Solving Integral in Picture: Step-by-Step Guide

[FilipVz]

View attachment 1922

Can somebody explain how to solve integral from the picture above?( solution is in the second line)

 

[Jameson]

I haven't worked out the solution yet, but given the answer and the general form of the integral I would guess trig substitution is the way to solve it. Question though - should the $(1-k^2)$ in the denominator actually be $(1-k^2)^2$?

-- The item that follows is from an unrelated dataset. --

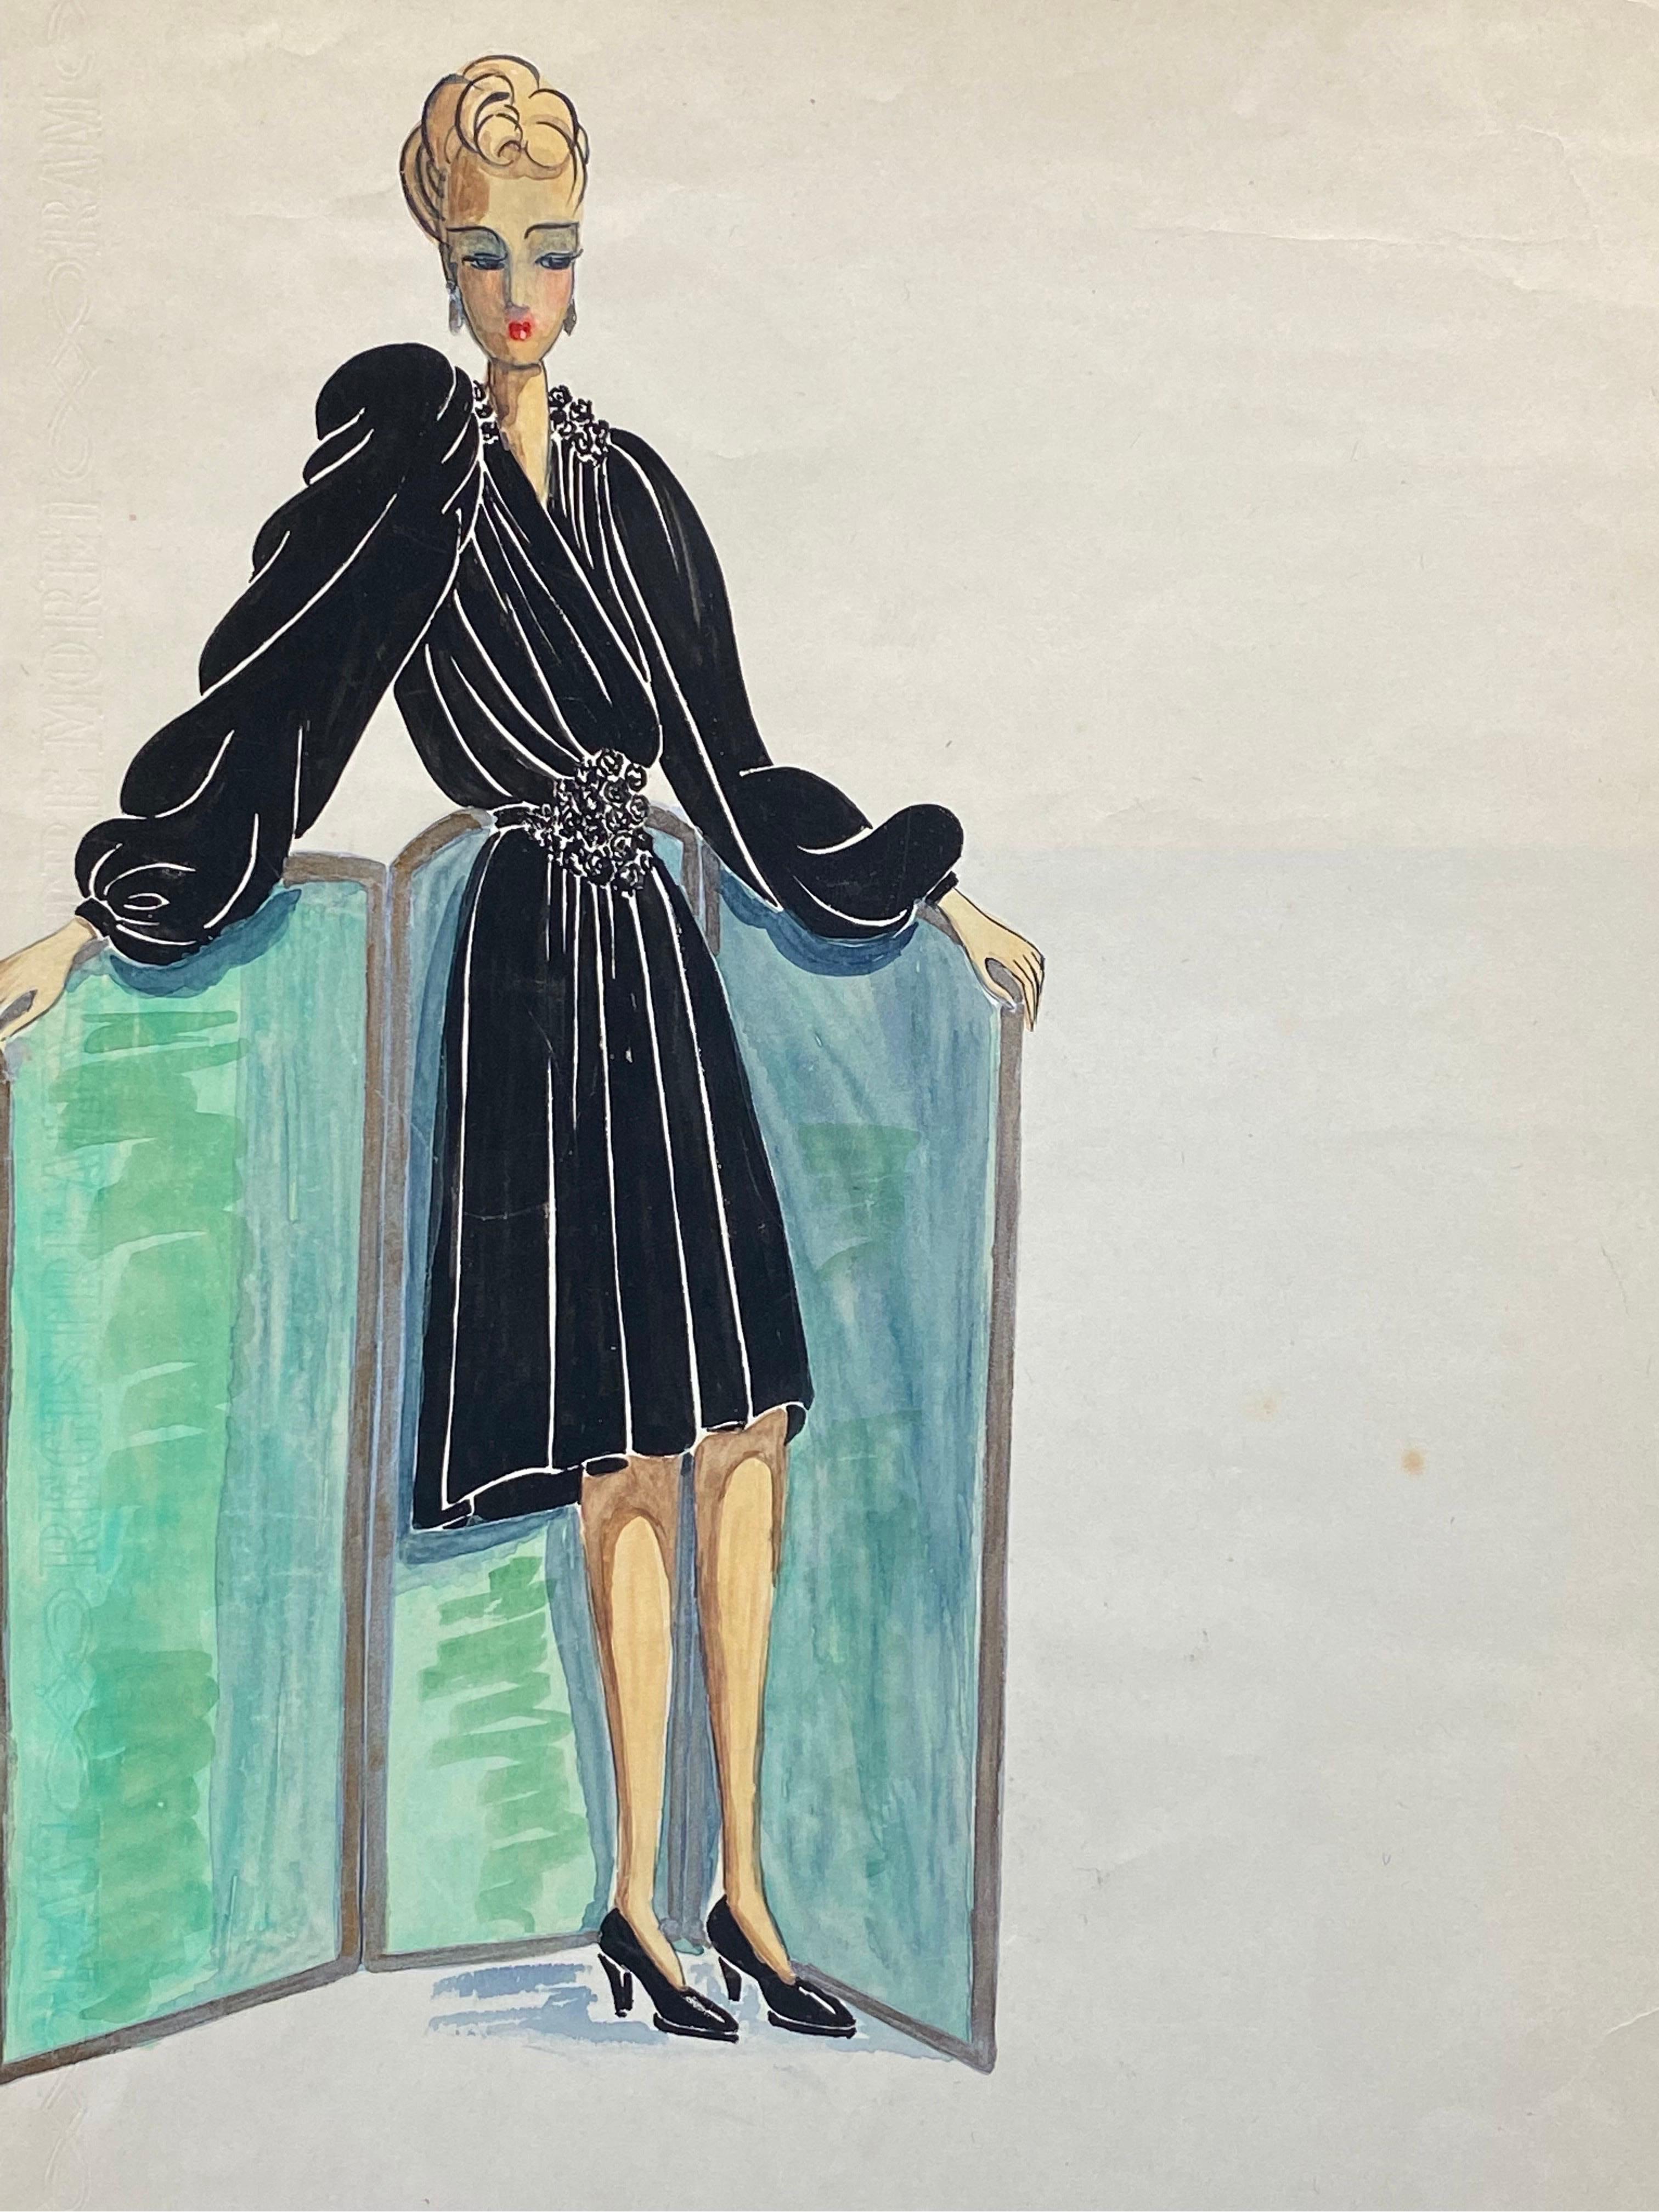 1940's Fashion Illustration - Chanel Styled Woman In Chic Black Dress

If that's not the way to solve it then maybe there's something with the substitution $(k \cot(\theta))^2=k^2 \cot^2(\theta)=k^2(\csc^2(\theta)-1)$, but I'm not sure yet. Will post back if anything comes to mind.

 

[alyafey22]

Hint :

$$\frac{d}{dx} \left(\cos^{-1} (f) \right) = \frac{-f'}{\sqrt{1-f^2}}$$​

 

[MarkFL]

Hint: Try the substitution:

$$\cot(\theta)=\frac{\sqrt{1-k^2}}{k}\cos(u)$$

Hence:

$$\csc^2(\theta)\,d\theta=\frac{\sqrt{1-k^2}}{k}\sin(u)\,du$$

And the result will follow. :D

 

[alyafey22]

Hint: Try the substitution:

$$\cot(\theta)=\frac{\sqrt{1-k^2}}{k}\cos(u)$$

Hence:

$$\csc^2(\theta)\,d\theta=\frac{\sqrt{1-k^2}}{k}\sin(u)\,du$$

And the result will follow. :D

No need for substitution. Of course it is more advisable on an elementary level .

 

[FilipVz]

Thank you,

i solved it, using substitution:

$$u= (k*ctgθ)/(1-k^2 )$$

But, my result is:

$$ϕ=-arcsin((k∙ctgθ)/√(1-k^2 ))+c_2$$

instead of

$$ϕ=arccos((k∙ctgθ)/√(1-k^2 ))+c_2$$

Is this correct?

 

[MarkFL]

Thank you,

i solved it, using substitution:

$$u= (k*ctgθ)/(1-k^2 )$$

But, my result is:

$$ϕ=-arcsin((k∙ctgθ)/√(1-k^2 ))+c_2$$

instead of

$$ϕ=arccos((k∙ctgθ)/√(1-k^2 ))+c_2$$

Is this correct?

Yes, that's another possible form. Consider the identity:

$$\sin^{-1}(x)+\cos^{-1}(x)=\frac{\pi}{2}$$

along with the fact that the sum of an arbitrary constant and another constant is still an arbitrary constant. :D

 

[alyafey22]

$$\int \frac{-1}{\sqrt{1-x^2}} \, dx = \cos^{-1}(x)+A$$

$$-\int \frac{1}{\sqrt{1-x^2}} \, dx = -\sin^{-1}(x)+B$$

And this simply because

$$\cos^{-1}(x)+\sin^{-1}(x) =\frac{\pi}{2}$$